The ETF screens for stocks based on fundamental and quantitative factors. Top holdings out of 50 include Amazon, Apple (NASDAQ: AAPL) and biotech giant Gilead Sciences(NASDAQ: GILD).
SYG's 0.6% expense ratio is three times that of its passive peer, iShares Russell 1000Growth (ARCA: IWF). SYG holds $9.4 million in assets.

• Columbia Large Cap Growth (ARCA: RPX) is another solid choice for successful investing with actively managed ETF strategies. Its 9.9% gain this year —and 22% average annual the past three years — have beaten the large-growth category.

• IShares Enhanced International Small-Cap (ARCA: IEIS) is outpacing its segment so far in 2015. IEIS is up 7.9% in 2015 vs. 3.1% for the foreign small/mid-value fund category.

• AdvisorShares WCM/BNY Focused Growth ADR (ARCA: AADR) is ahead too.
AADR is up 6.3% vs. 2.7% for the foreign large-growth category. It has also outperformed over three- and five-year periods of time.
The ETF owns 31 stocks, including top holding Taiwan Semiconductor (NYSE: TSM). The concentrated portfolio holds only the fund managers' best stock investing ideas, Hamman said.

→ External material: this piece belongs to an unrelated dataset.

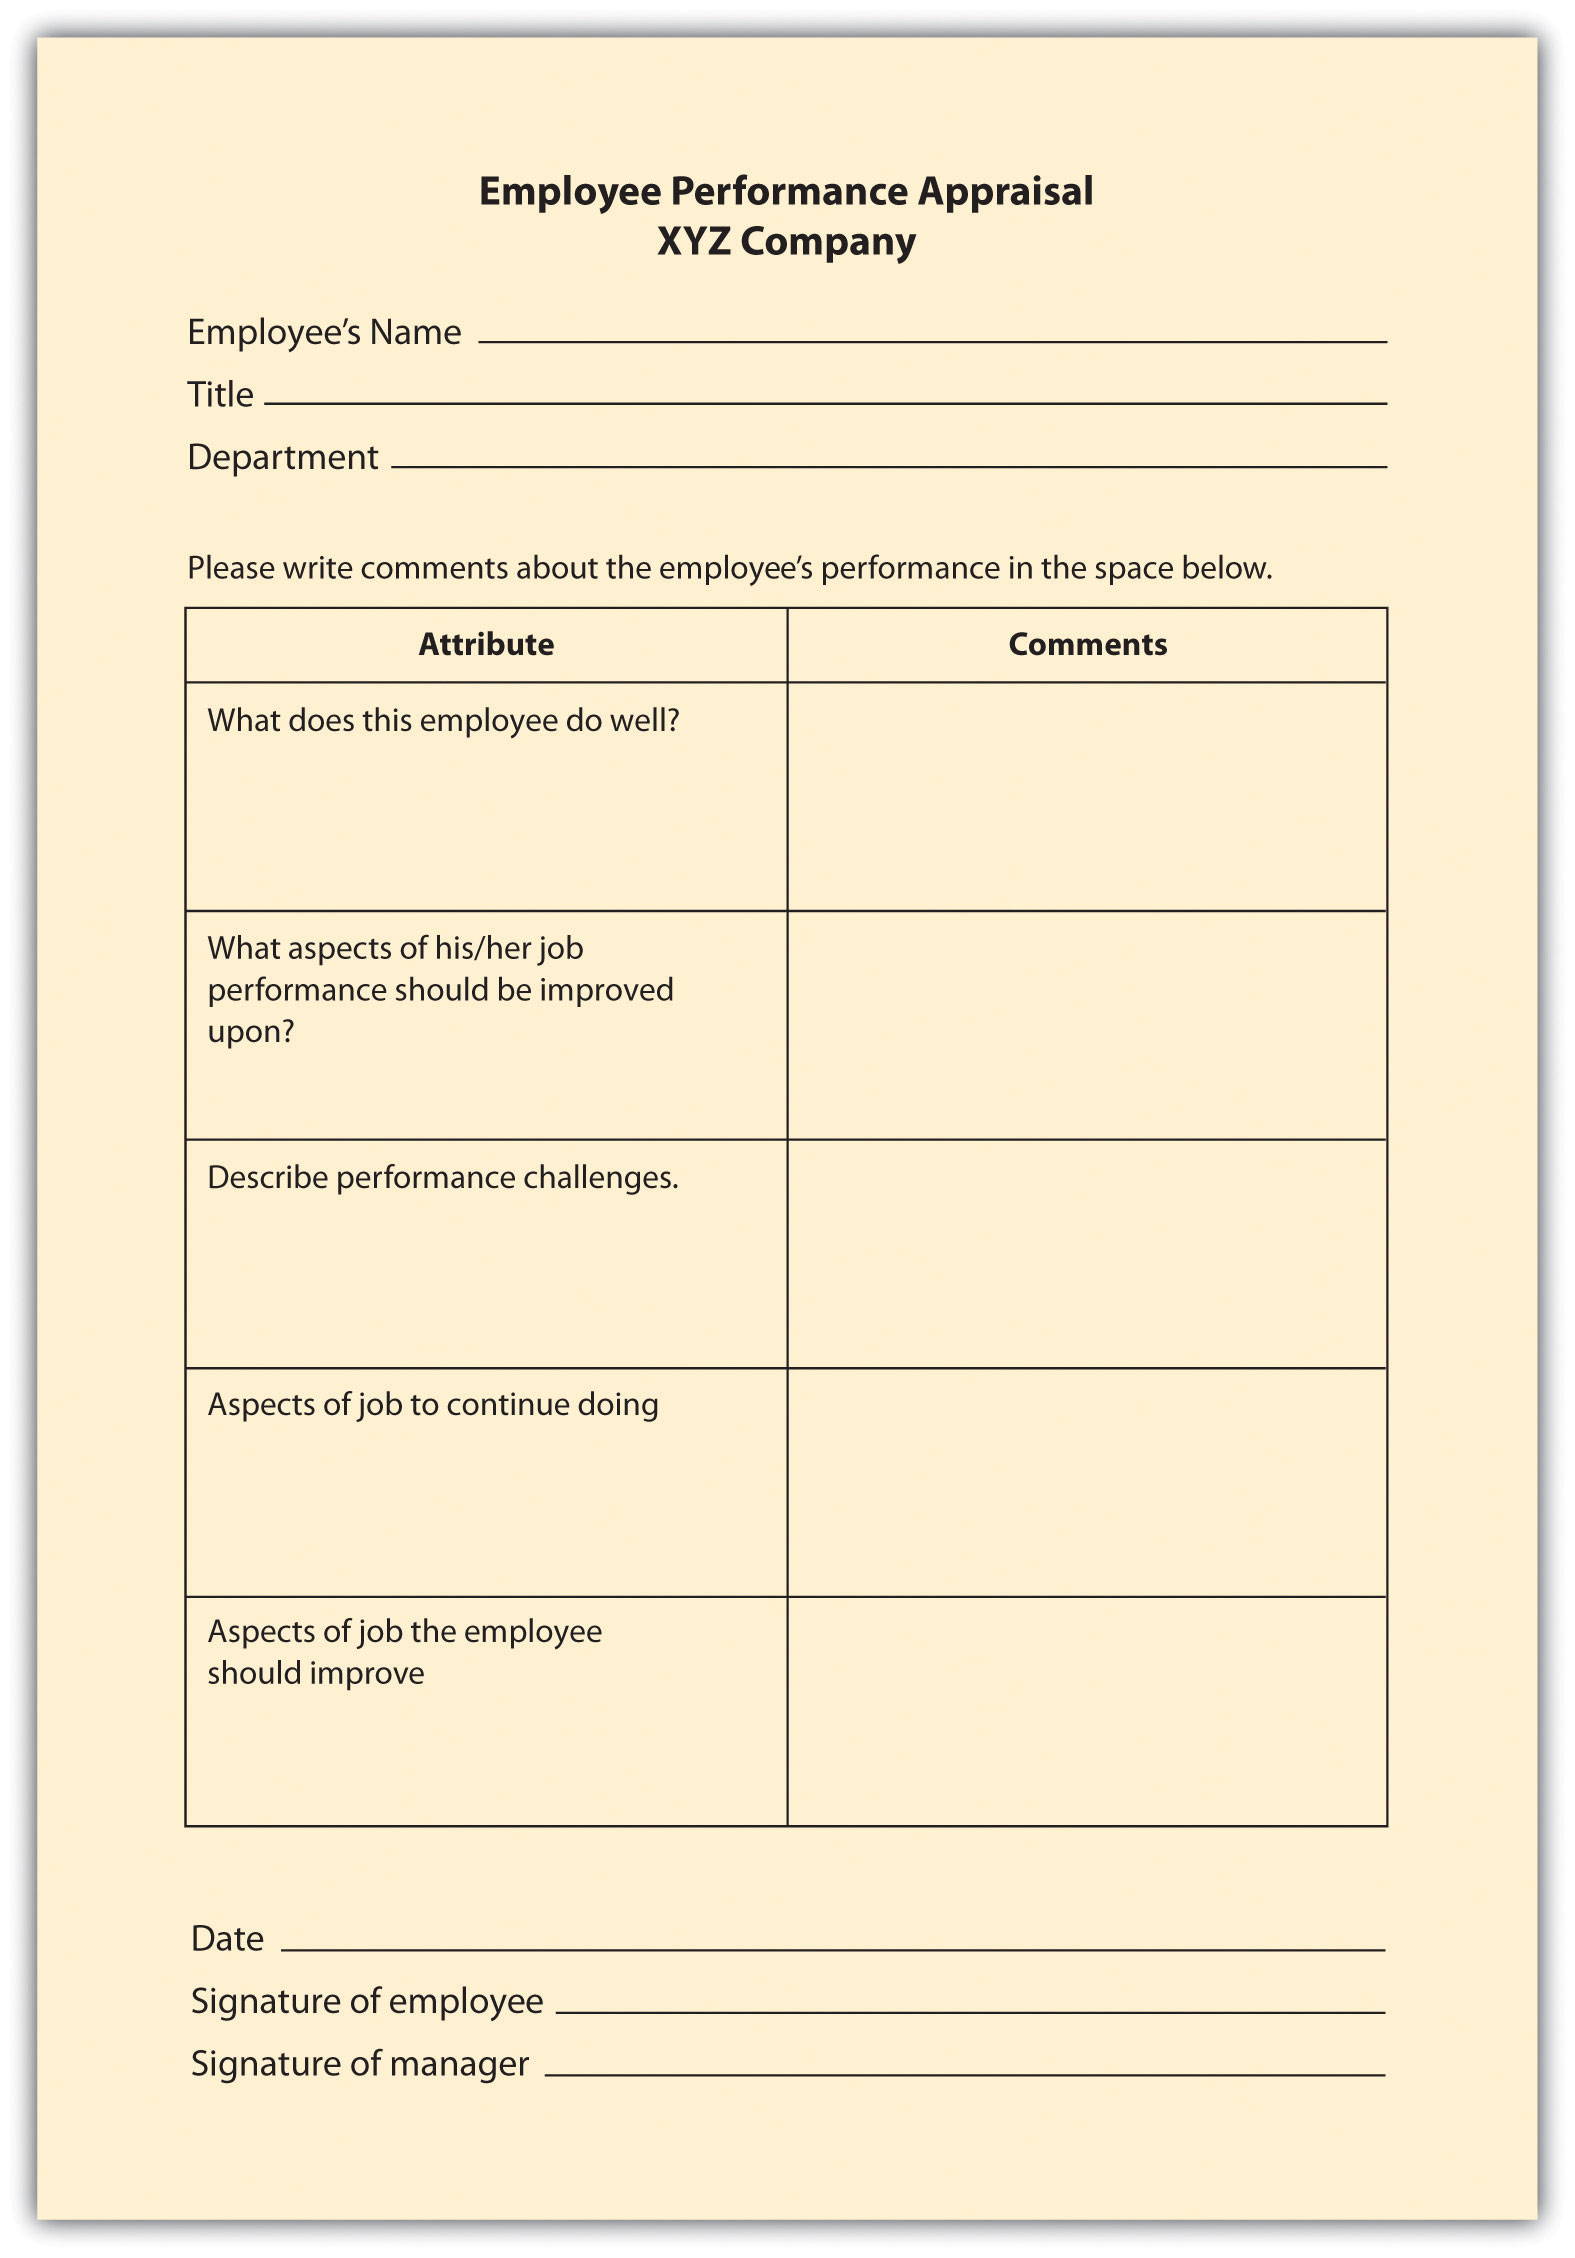 Performance Appraisal Sample For Employees | PDF Template

Their "stock selection really has added value," he added.
IEIS has a 0.49% expense ratio, with AADR at 1.27%.

• AdvisorShares Gartman Gold Euro (ARCA: GEUR) is up 1.9% year to date vs. a 21.3% loss for the precious metals commodity fund category and a 9.3% loss for SPDR Gold Shares (ARCA: GLD).
GEUR uses a somewhat complex investing method. It invests in gold using euros, going long on gold futures and short on euro futures. That strategy has worked in a rising dollar environment.
"Now investors can diversify themselves," Hamman said. "They don't have to have just GLD. They can pair this up and balance that exposure a bit."
GEUR has a 0.65% expense ratio vs. 0.40% for GLD.